Locating the target object

Hi,

So far I have managed to deploy and run some of the samples, using tomcat
3.1, and everything seems fine. I am now starting to apply the SOAP
implementation in my project and I have two problems:

(1) The lifetime of my target objects (JMS TopicPublisher/QueueSender) are
controlled externally from the SOAP page, request, application or session
scope.

(2) My target objects are located by JNDI lookup rather than class name.
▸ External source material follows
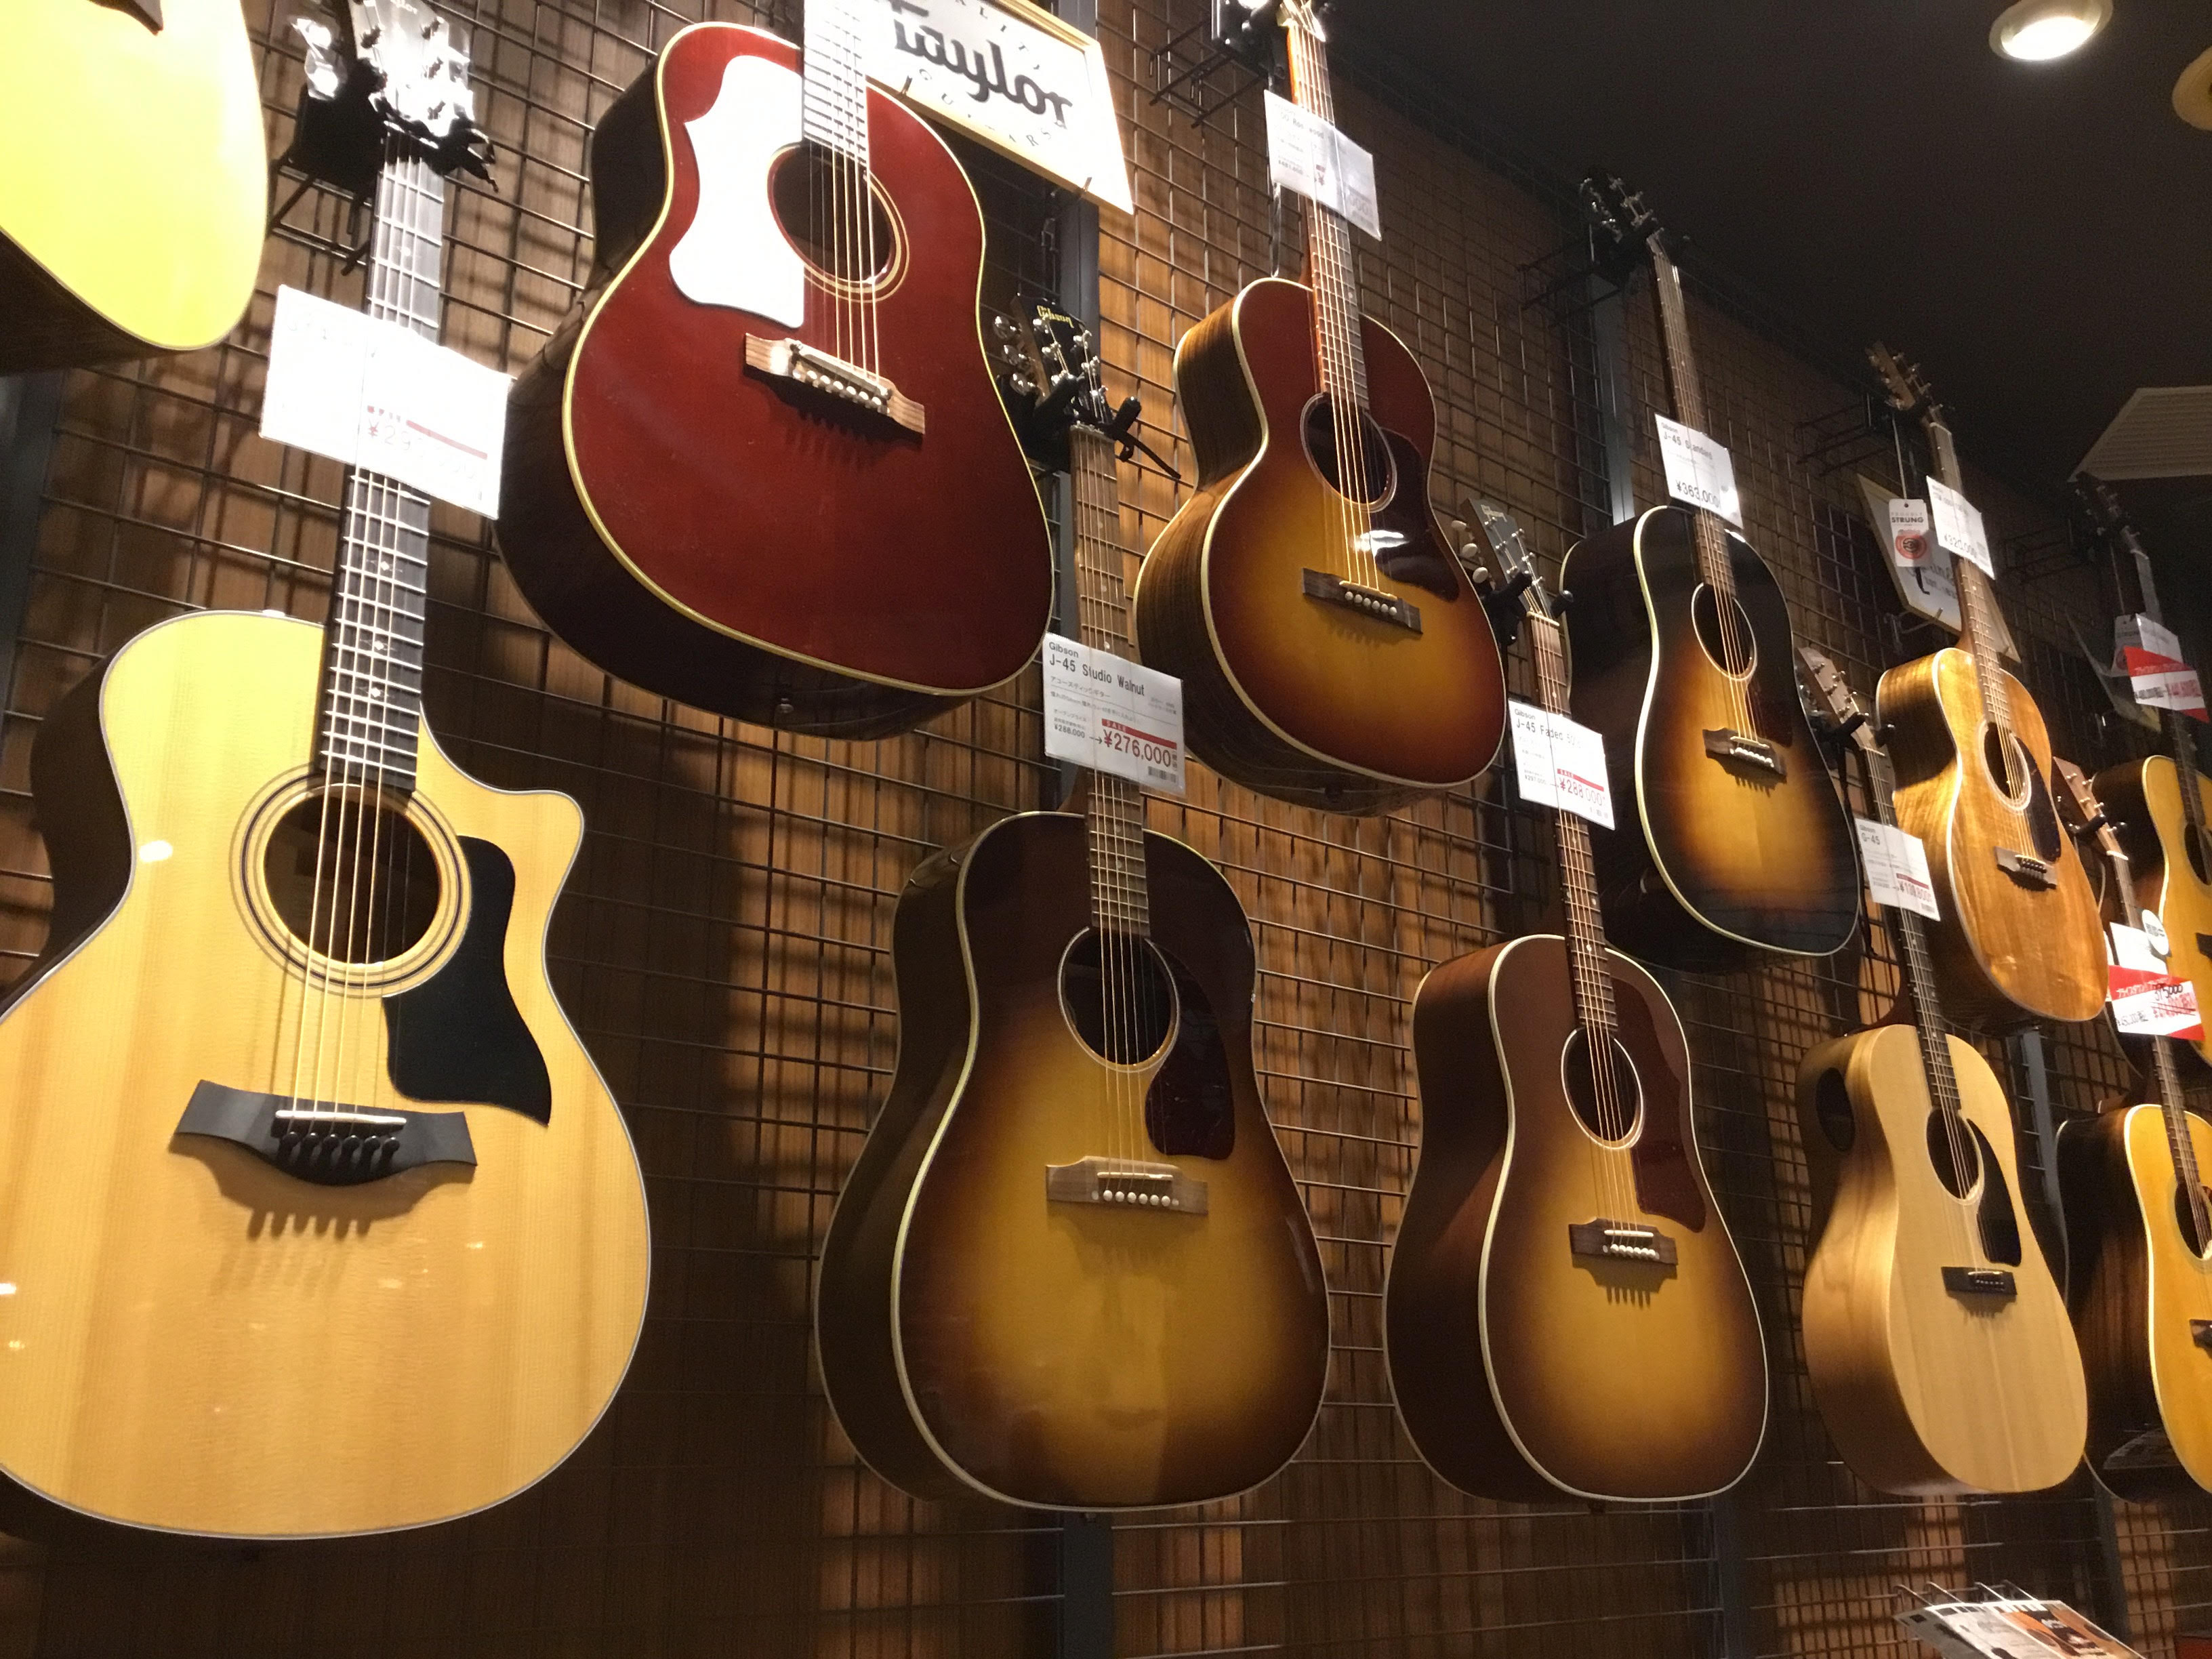 コルトンプラザ店の特価アコースティックギターをご紹介！ どれもお買得品ばかりです。是非この機会をお見逃しなく！ CONTENTSシマムラミュージックカードでのお支払いで5%OFFお支払い方法お問い合わせシマムラミュージックカードでのお支払いで5%OFF 島村楽器店舗にて、「シマムラミュージックカード […]

The latter is the bigest problem because the target object resolution
mechanisms in the RPCRouterServlet are not extensible i.e. I cannot plug in
or register a custom resolution mechanism (this would be nice). Failing
this, I have a number of other options:


(1) Deploy a Java class as the target object. This object would have the
same interface as the real target object and act as a wrapper to indirectly
locate the appropriate JMS TopicPublisher or QueueSender using JNDI, and
then call onwards. The problem with this is that there seems to be no way of
obtaining the target object id from within the call on the wrapper. I need
to get the target id in the wrapper call so that I can get the real target
object from JNDI.

(2) If there really is no way of getting the target object id from within a
call on the target object (the wrapper) then I will have to explicitly pass
it as part of the method signatures on the wrapper. Not so nice.

(3) My current approach is to replace the RPCRouterServlet with something
that does exactly what I want i.e. I am replacing the class load/instantiate
and script handling stuff with a JNDI lookup based on the target object ID.

(4) My preferred solution would be to implement something more generic that
would allow custom modules to be registered, allowing new target object
resolution mechanisms to be implemented and registered, possibly replacing
the existing ones.

If anyone is working on this or has any alternatives, comments are welcome.